Segfault in glDrawArrays

k3rnL · January 20, 2020, 4:17pm

Hello everyone,

I’m stuck on a segfault since few days, I tried many things to find and debug the program, it was crashing randomly but I finally found what case makes segfault.

It’s a basic 2d application who draw only triangles, I have two shader, one for basic polygones and another one for text.
I have one draw call for each of those two category, to be able to do only one draw call I made a c++ class that handle an opengl buffer with a preallocated size. A ManagedBuffer is able to increase the size of its buffer, it basically double the size (like in std::vector)

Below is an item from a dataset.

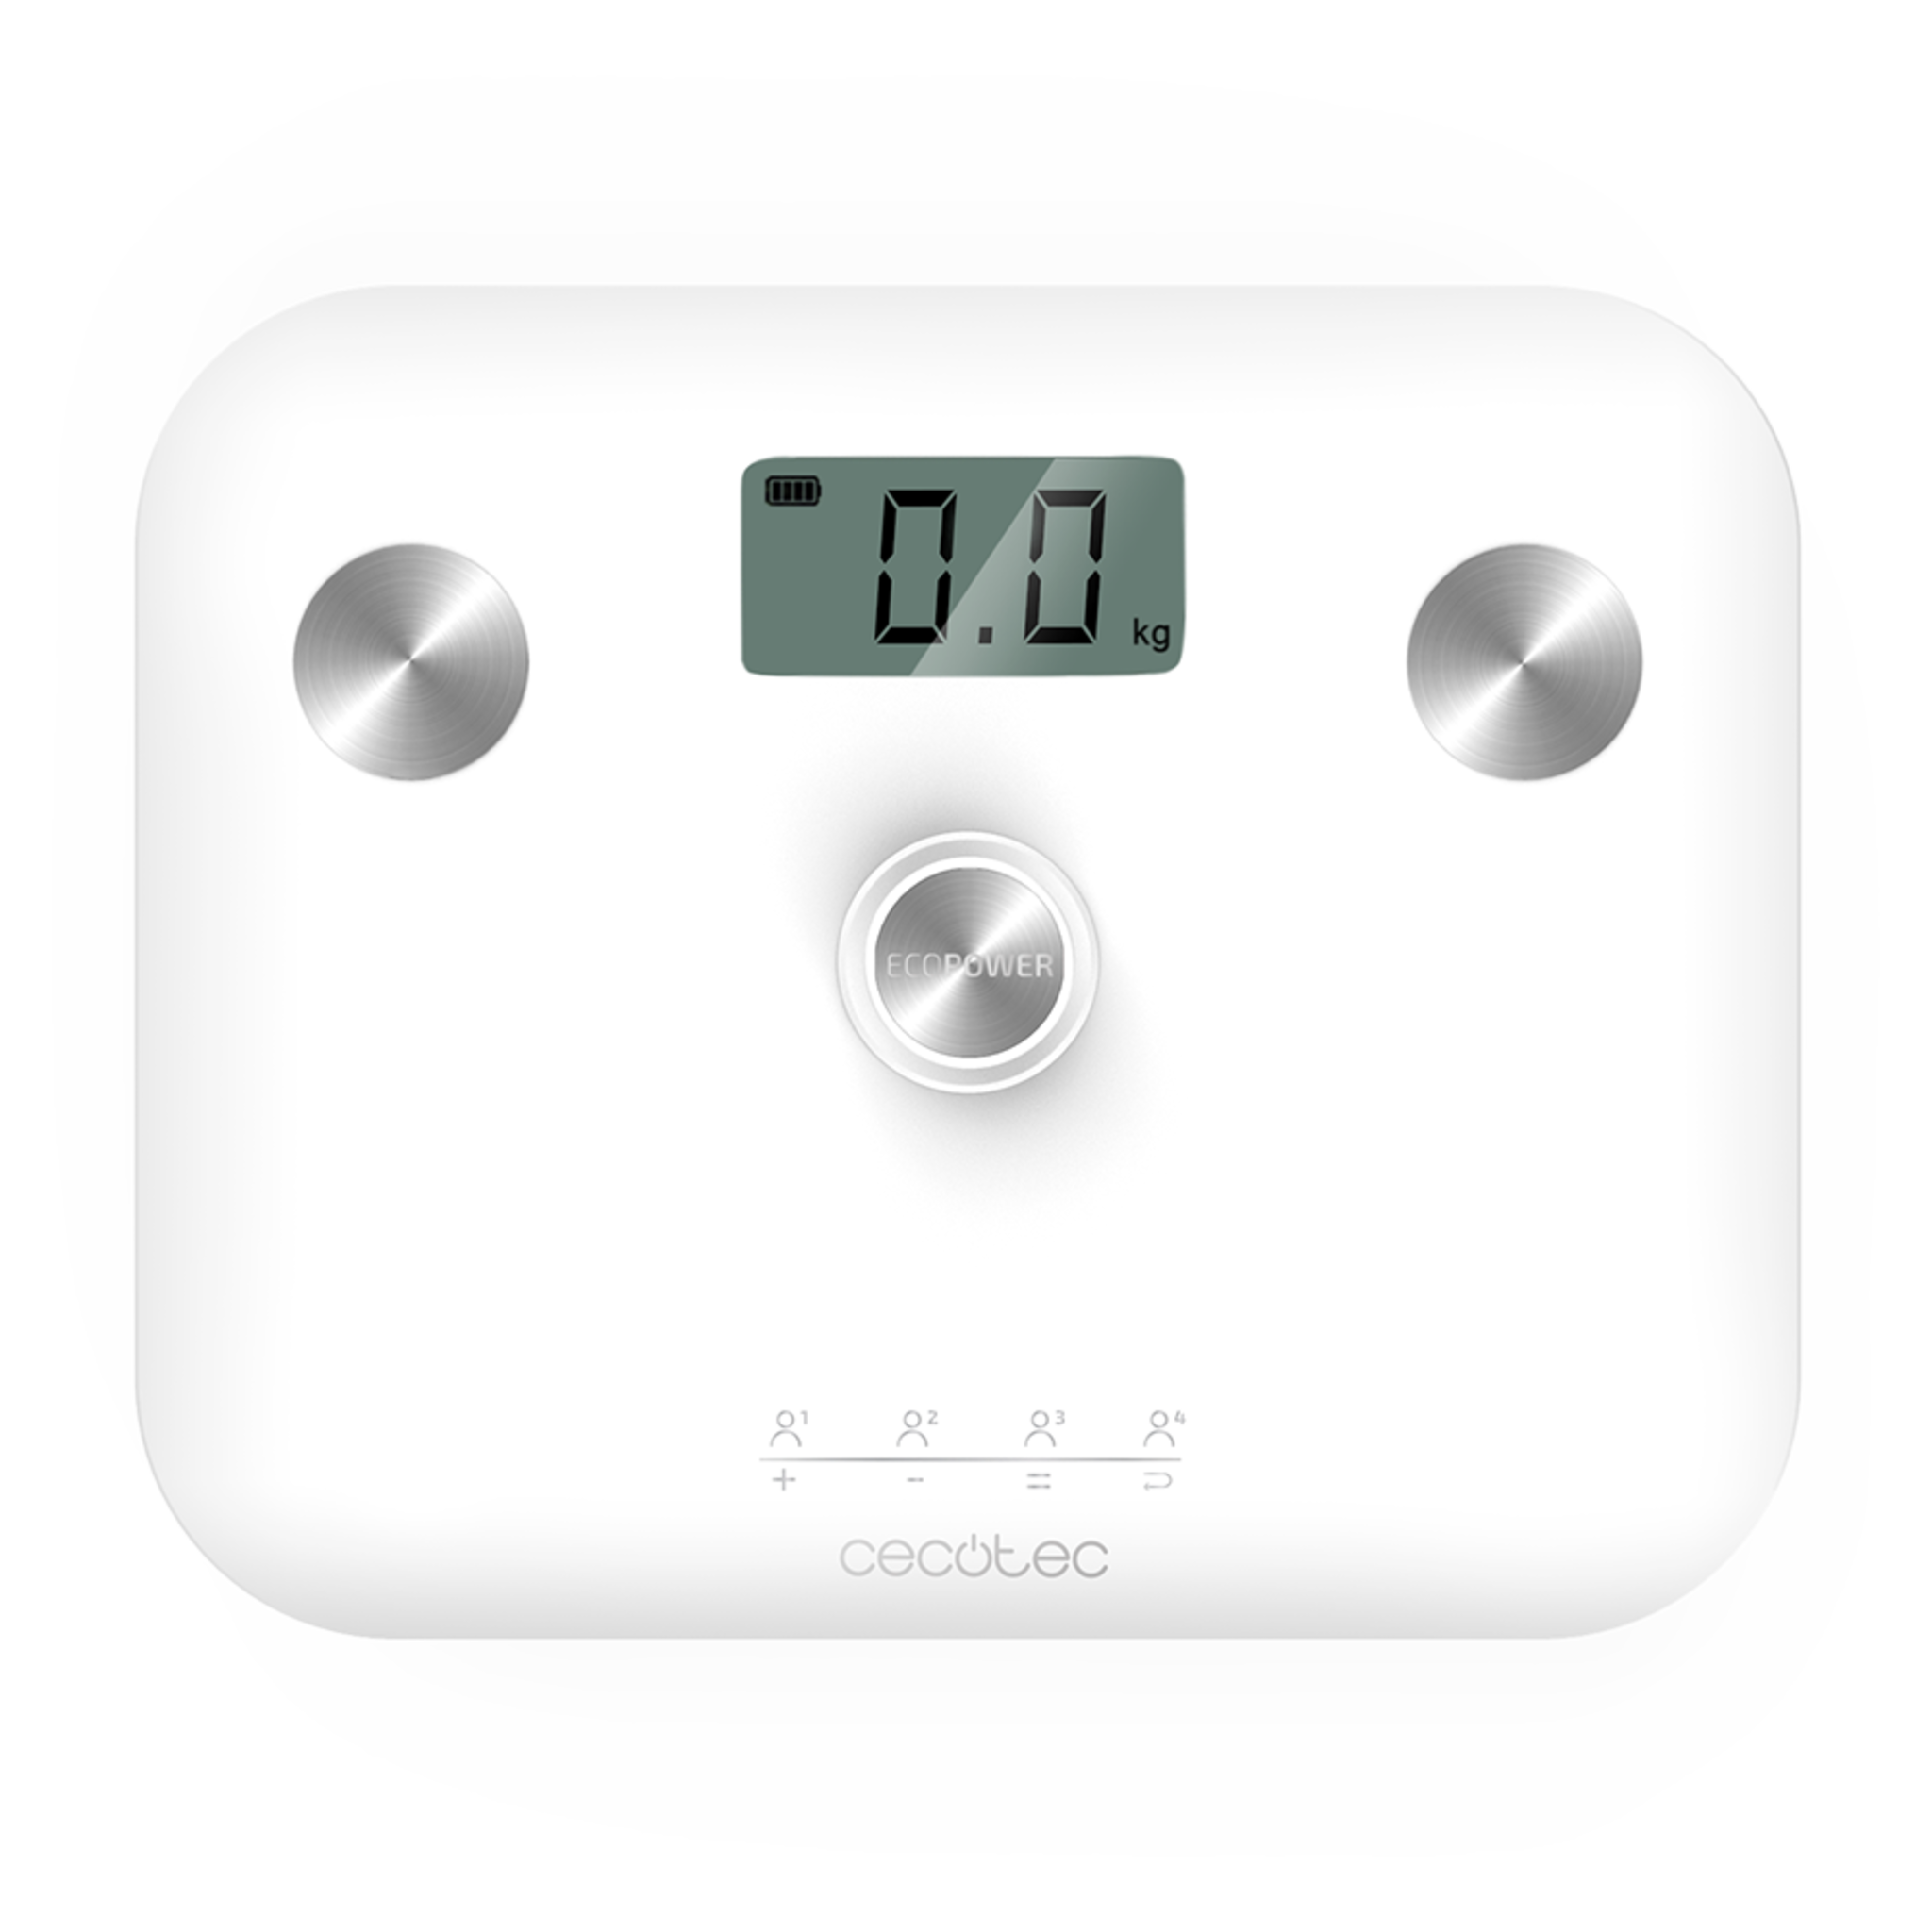 Pèse-personne Surface Precision EcoPower 10100 Full Healthy White. Avec bouton-poussoir, surface en verre trempé très sécurisée, capteurs de précision et écran LCD
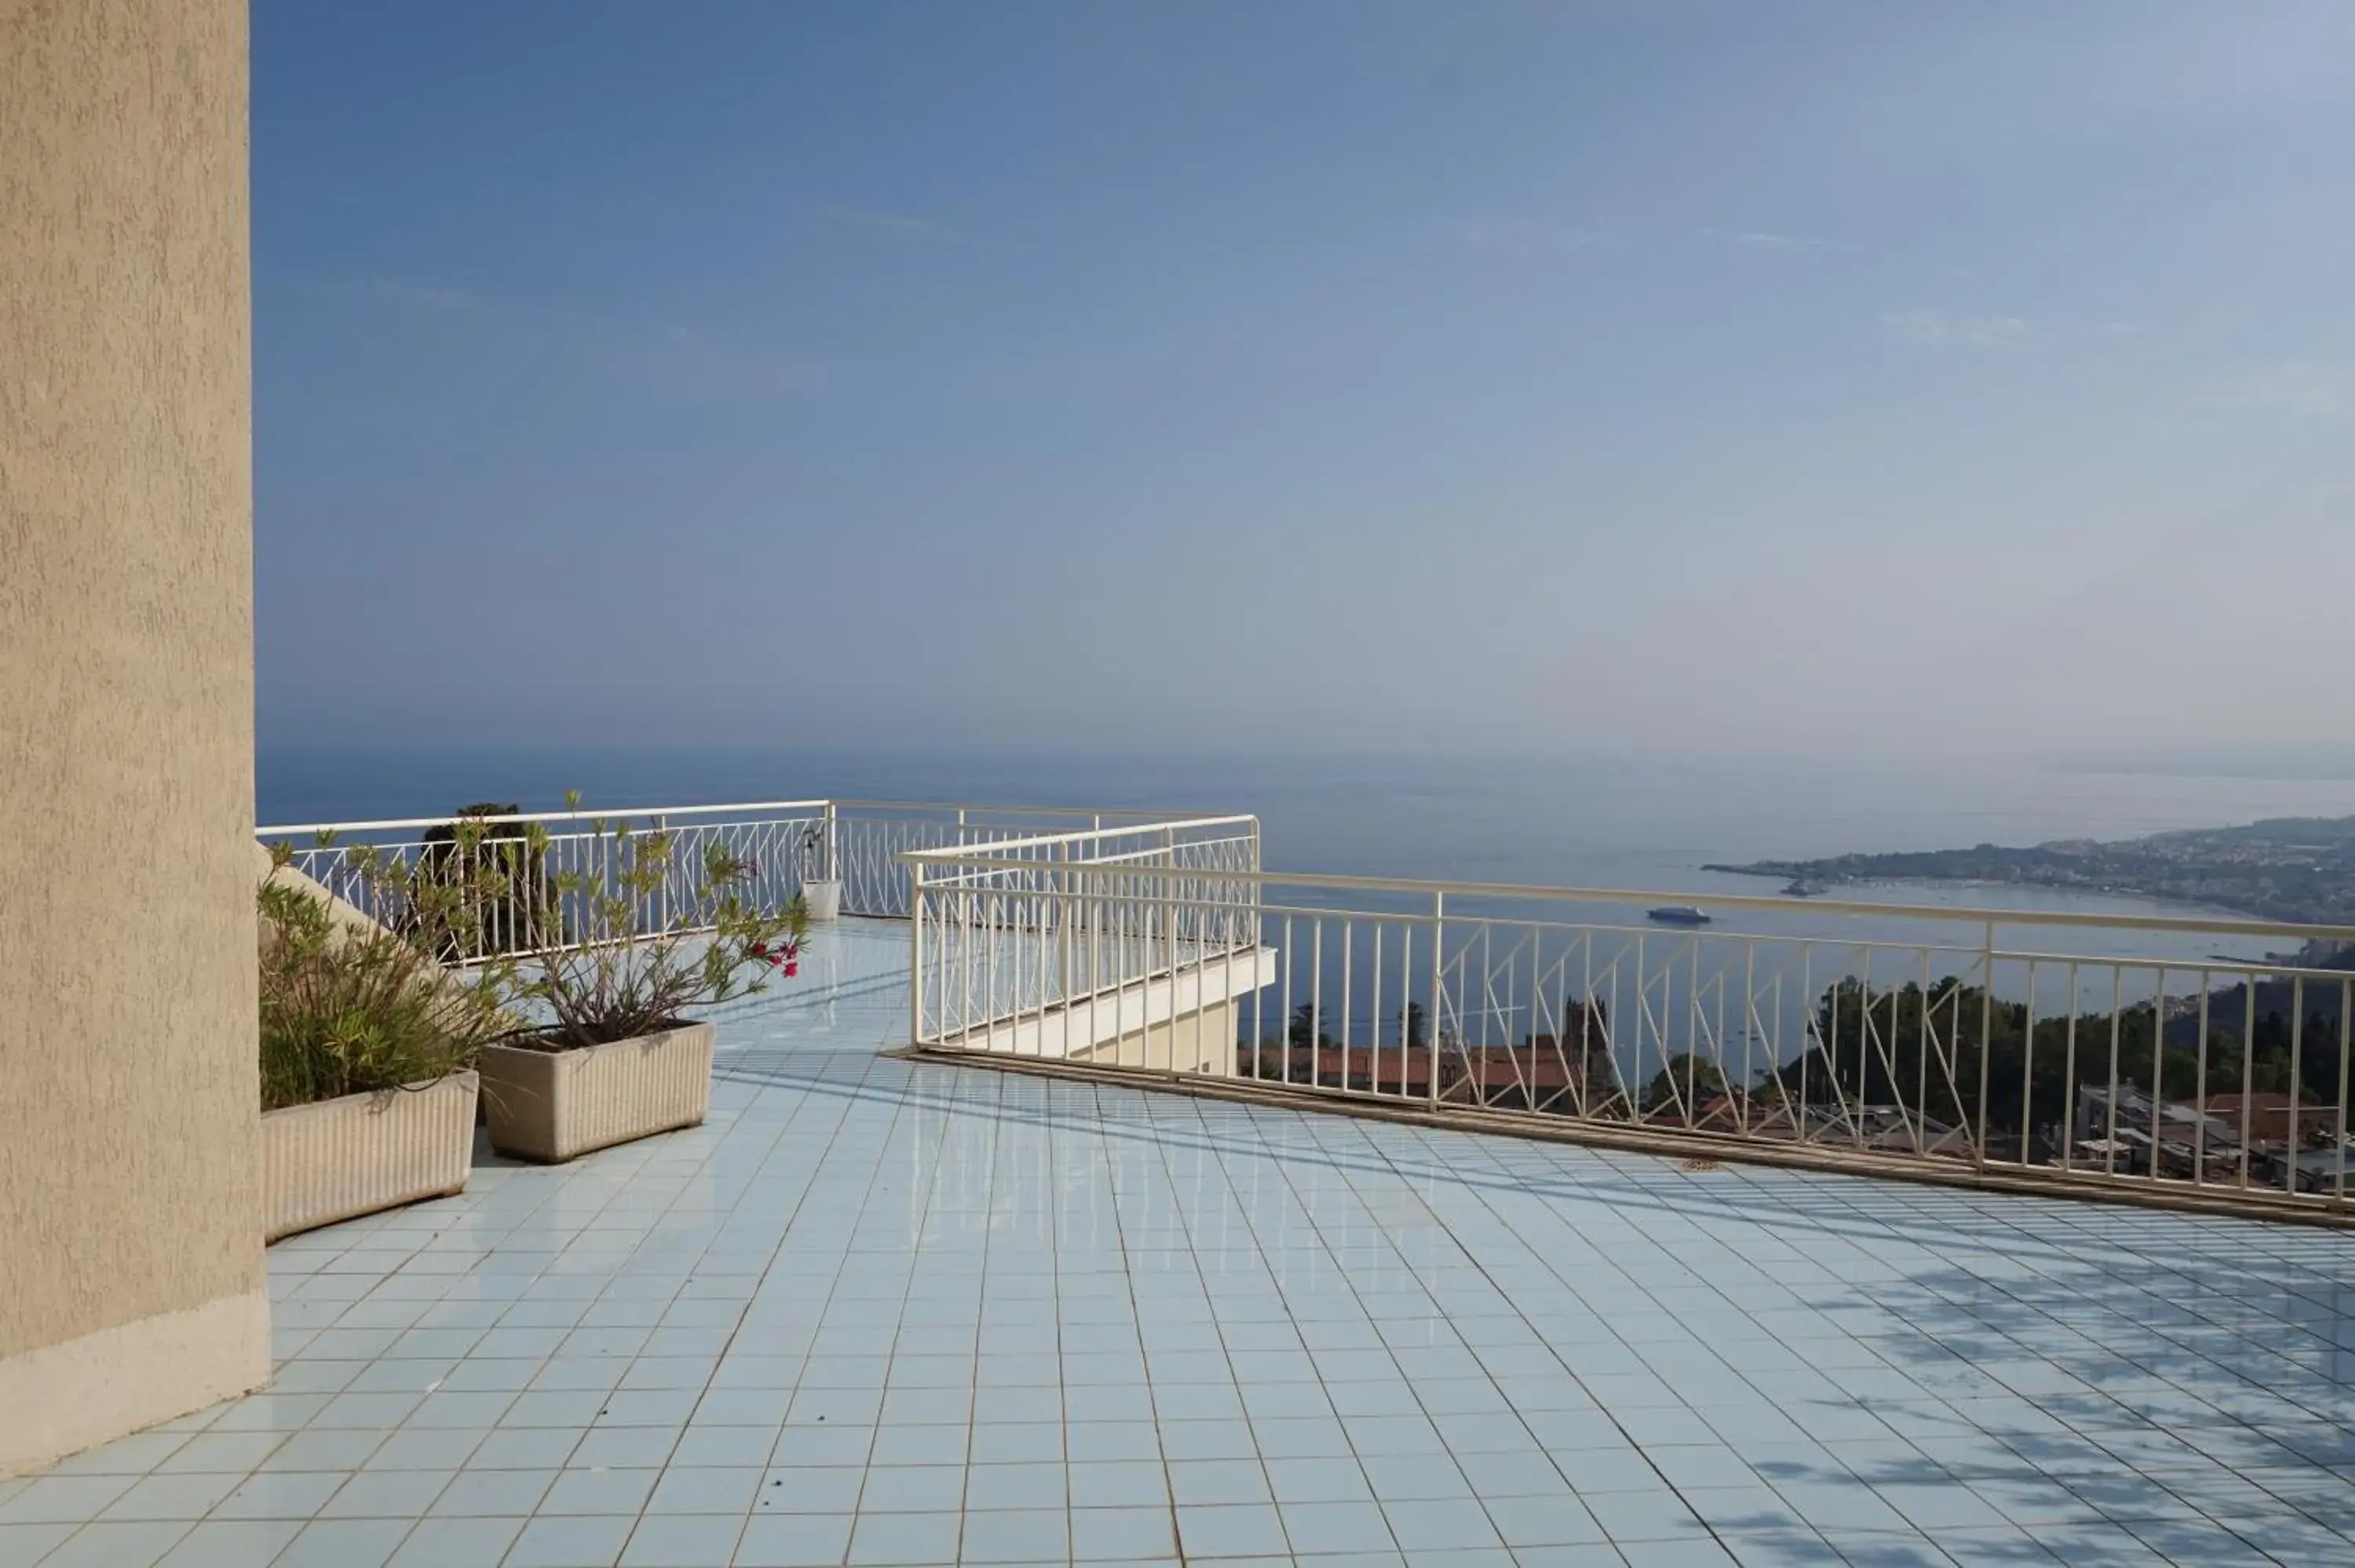 Balcony/Terrace, Patio/Outdoor Area in Hotel Mediterran

The segfault happens when a certain amount of items is reached. More specifically, it happens when the triangles buffer increased its size 3 times, and the text buffer 2 times. I must precise that the segfault happens only if the text buffer increased its size.
From this moment, the next draw call for triangles will crash.
BUT, if I comment the texts’s draw call, it will not crash ! The same if I comment triangle’s draw call.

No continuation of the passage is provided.